On Wed, 22 Mar 2023 13:02:46 GMT, Pavel Rappo <pra...@openjdk.org> wrote:

>> @jaikiran The downside is that it is hard to judge how long it will take for 
>> machine X to execute Y instructions. :/
>
> 1. Is there a way to mark this test as skipped if the timeout elapses? I 
> suggest we don't mark it as skipped based on the build or any other 
> configuration, but actaully run it and see if it fails or succeeds. The 
> rationale is this: if the test is still running when the time is out, it 
> means that the test is inconclusive.
> 2. Can we reduce memory configuration to conserve system resources? Say, set 
> `-Xmx` to 96 or even 64 megabytes. Or is so little / unusual that we'll risk 
> getting other issues on modern JVMs?
> 3. I don't see why we need to reduce the number of iterations. What we should 
> do instead is compute it, otherwise that number, whatever it is, looks magic. 
> There needs to be some rationale behing that number, even if that rationale 
> is not accurate.
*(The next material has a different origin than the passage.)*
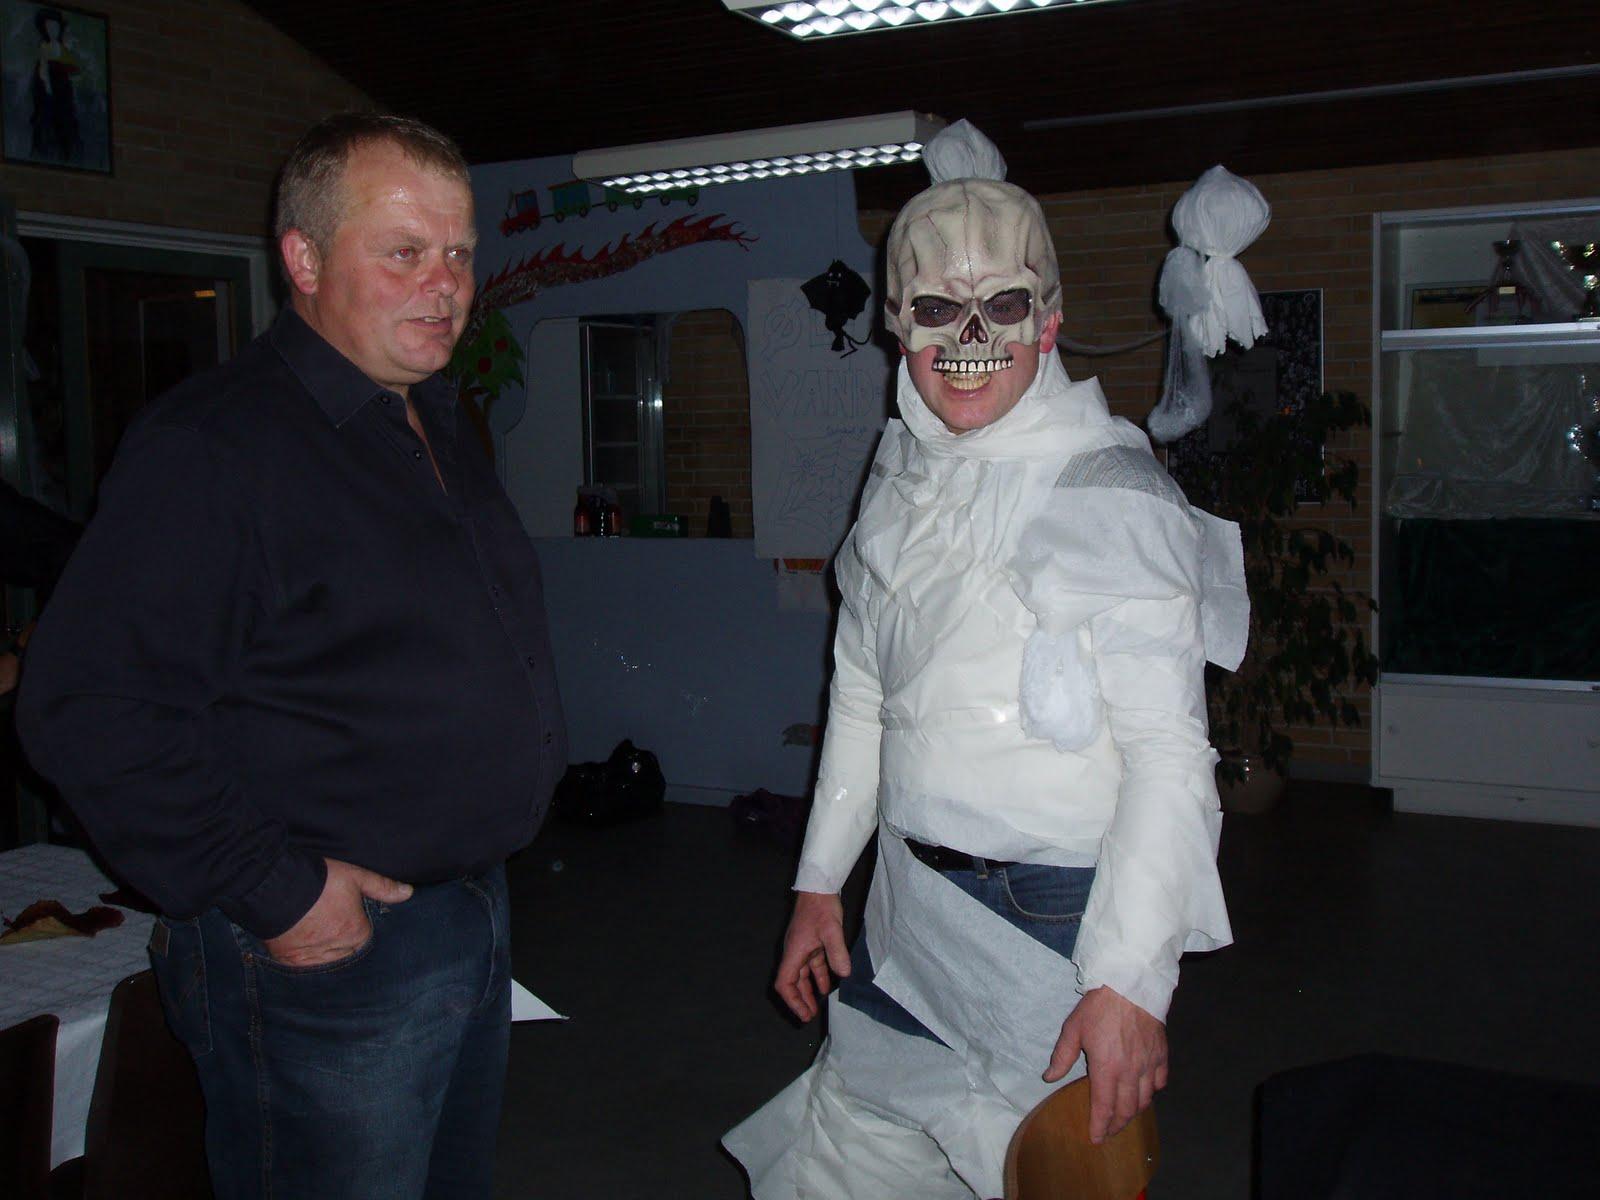 Uha hvor kom den mumie fra
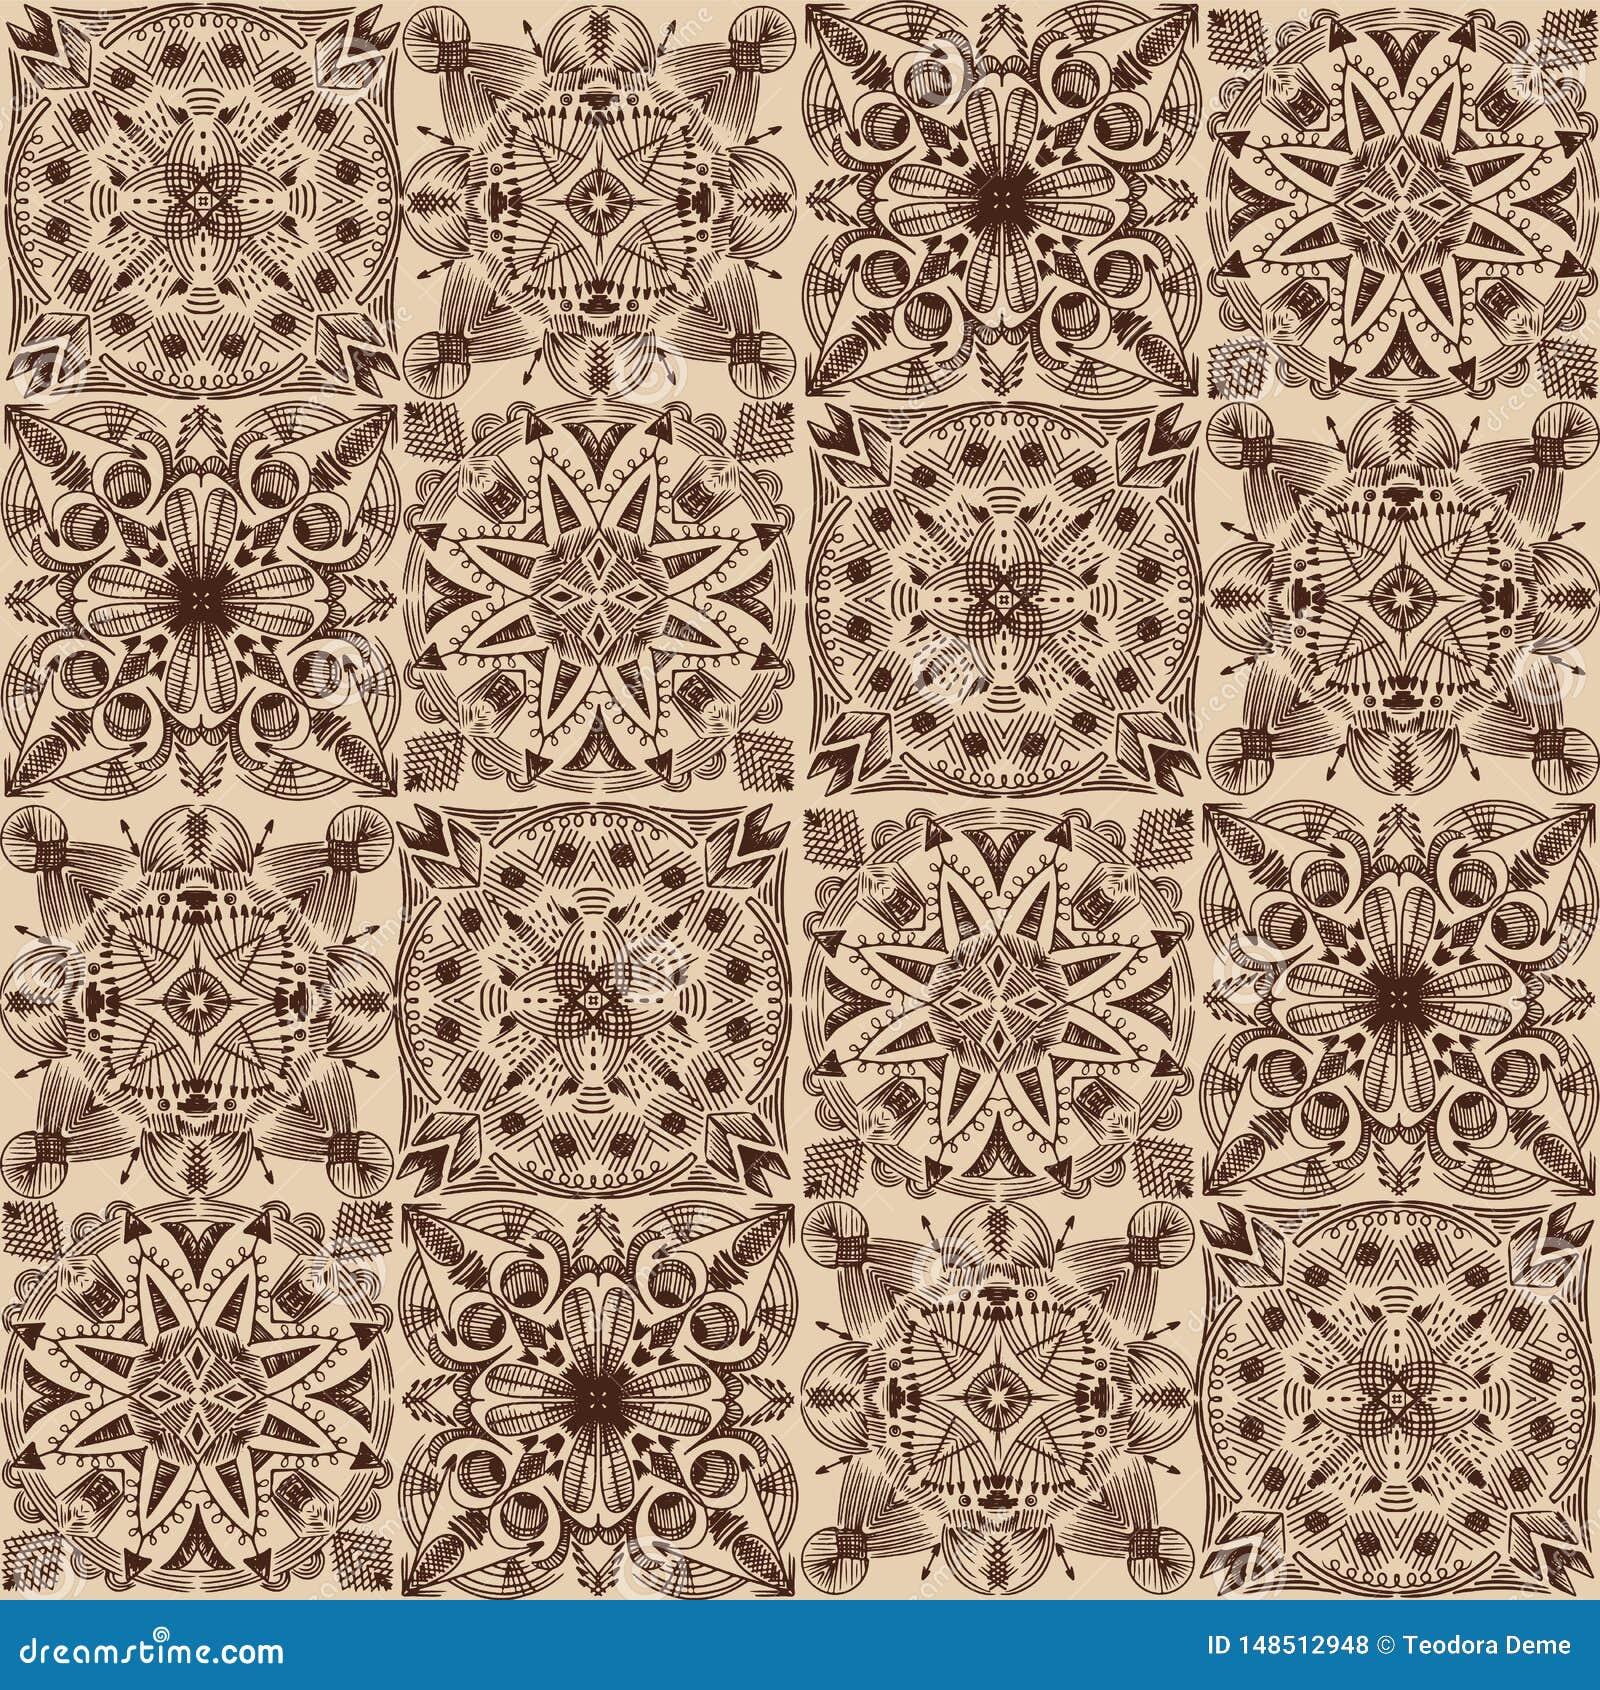 Vector golden tribal symmetric tiled seamless pattern on dark background.

Say, we can reasonably assume that overhead for one 
> `CompletableFuture` is at least one byte. So, to fill up `N` megabyte(s) of 
> heap we would need `N * 1_048_576` iterations.

1. I don't know.
2. It's hard to come up with a one-size-fits-all-heap-size given that 
differences in pointersizes, object alignment, etc can skew the need.
3. I initially set the threshold (iteration number) at about 4x what I needed 
locally to make it fail, just to have margin in case memory-usage-per-object 
would vary with the different setups being tested. 


The other alternative I see would be to reach into the implementation of 
CompletableFuture's `Delayer`'s `ScheduledThreadPoolExecutor delayer` and make 
sure that it's `getQueue()` eventually goes empty.